▸ **What the task requires**: The entries below contain a line with "Die Gewerkschaft Verdi" and a line with "Испанский человек хипстера". Quote exactly those two lines and all lines between them.

▸ **Data shown**:
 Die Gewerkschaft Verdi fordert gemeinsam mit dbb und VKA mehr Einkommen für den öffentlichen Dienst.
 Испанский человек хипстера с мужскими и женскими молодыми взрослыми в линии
==
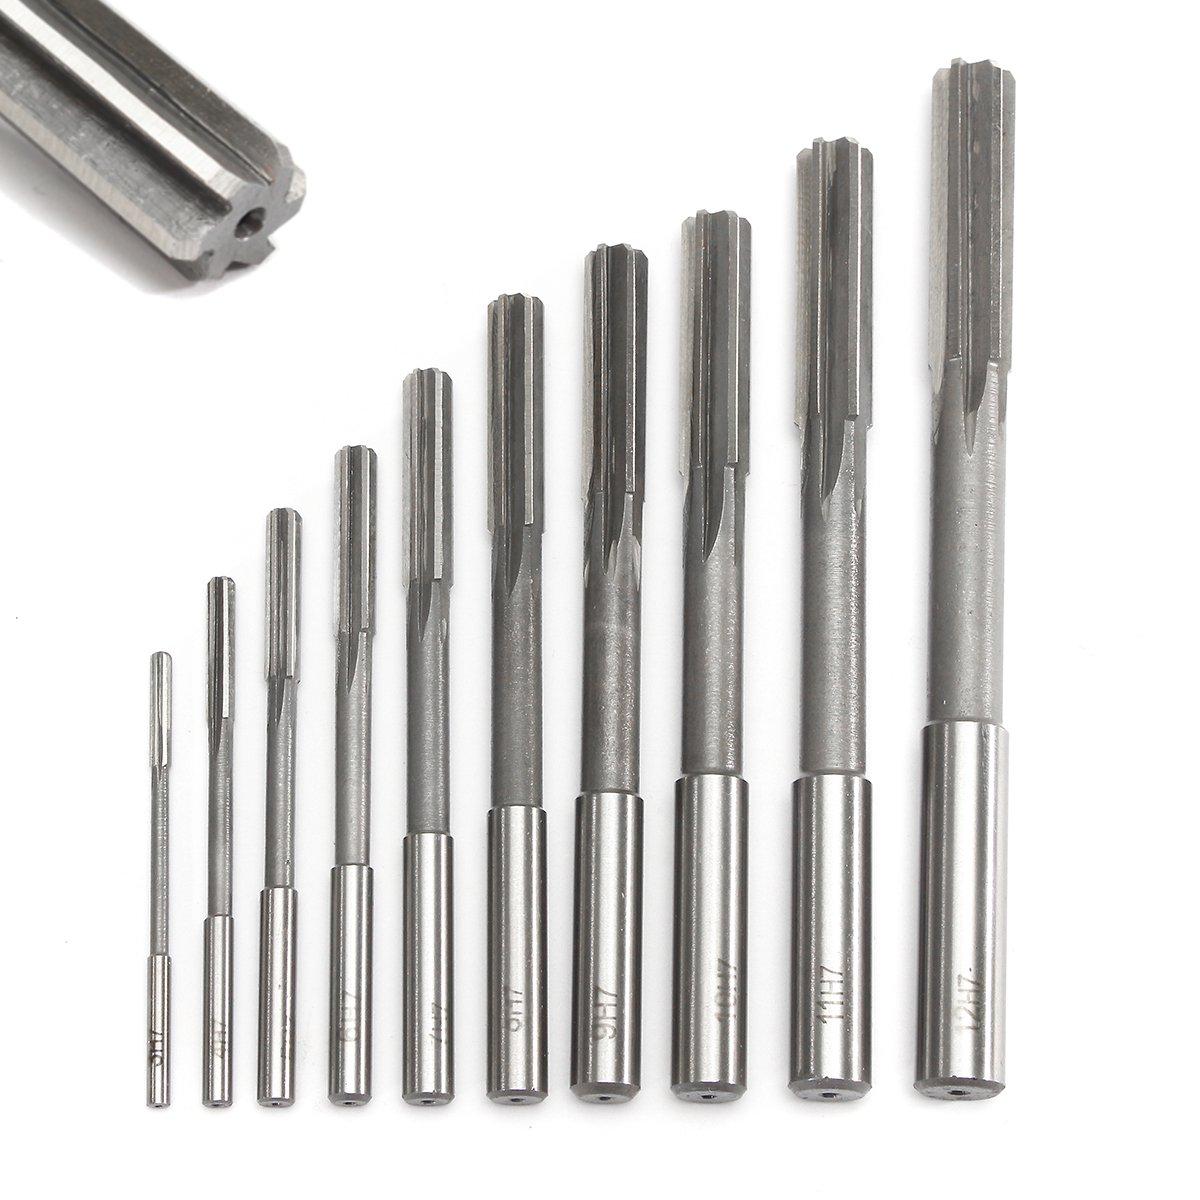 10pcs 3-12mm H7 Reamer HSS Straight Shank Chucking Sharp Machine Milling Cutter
---
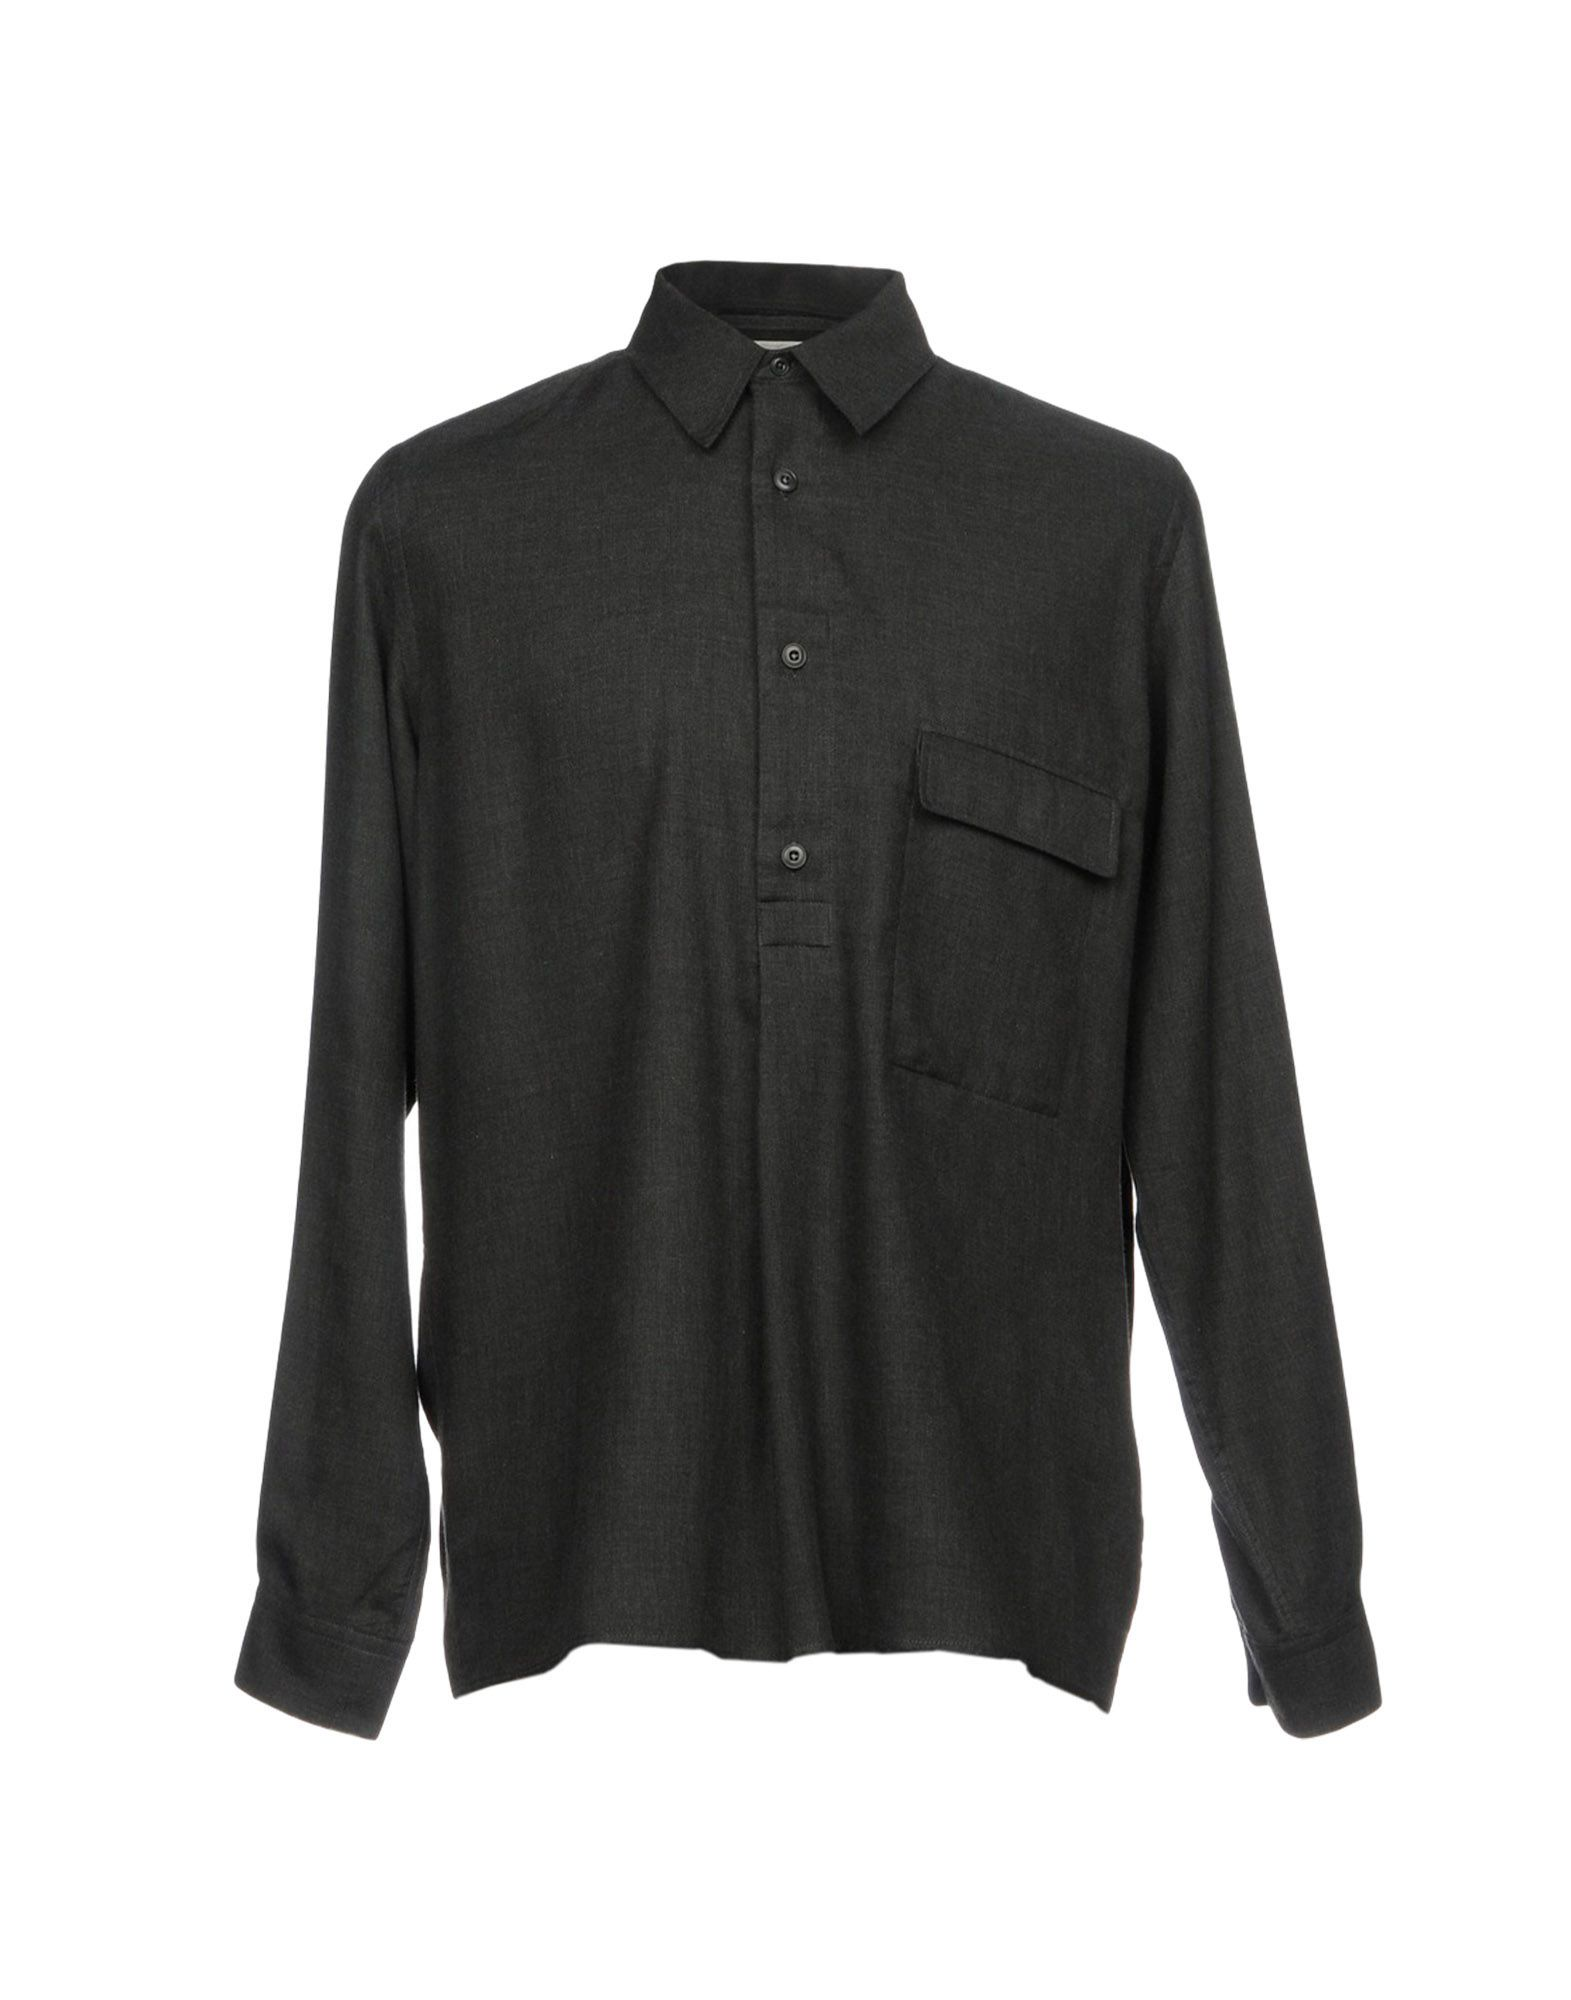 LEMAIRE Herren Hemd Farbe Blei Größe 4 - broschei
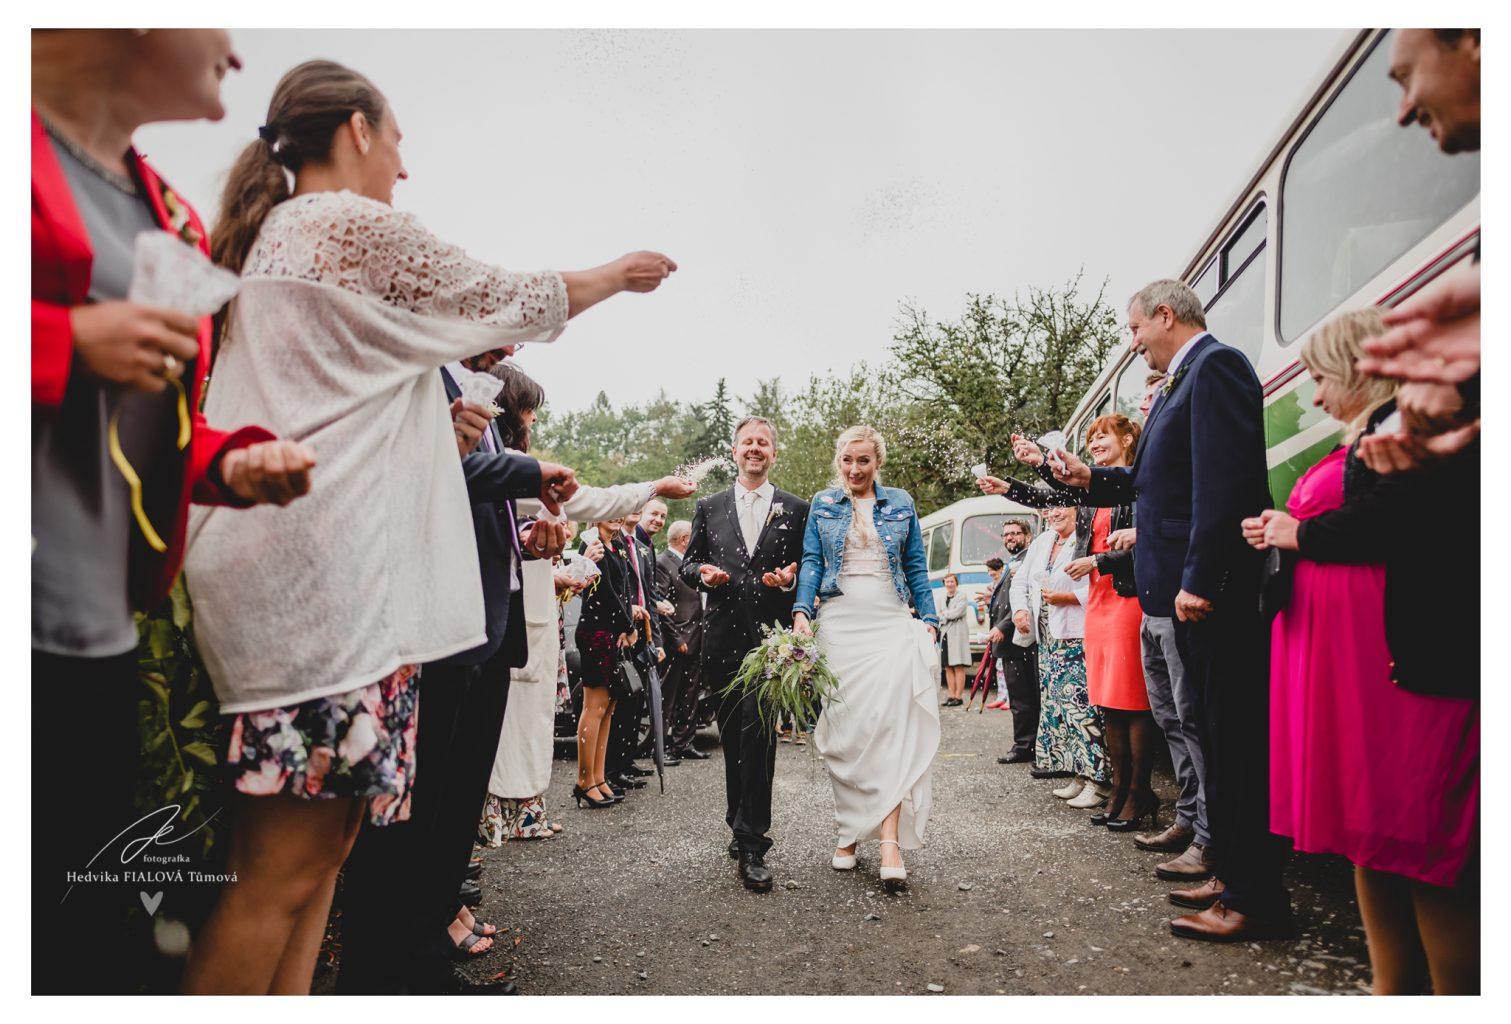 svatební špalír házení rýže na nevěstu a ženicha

▸ **Expected output**:
 Die Gewerkschaft Verdi fordert gemeinsam mit dbb und VKA mehr Einkommen für den öffentlichen Dienst.
 Испанский человек хипстера с мужскими и женскими молодыми взрослыми в линии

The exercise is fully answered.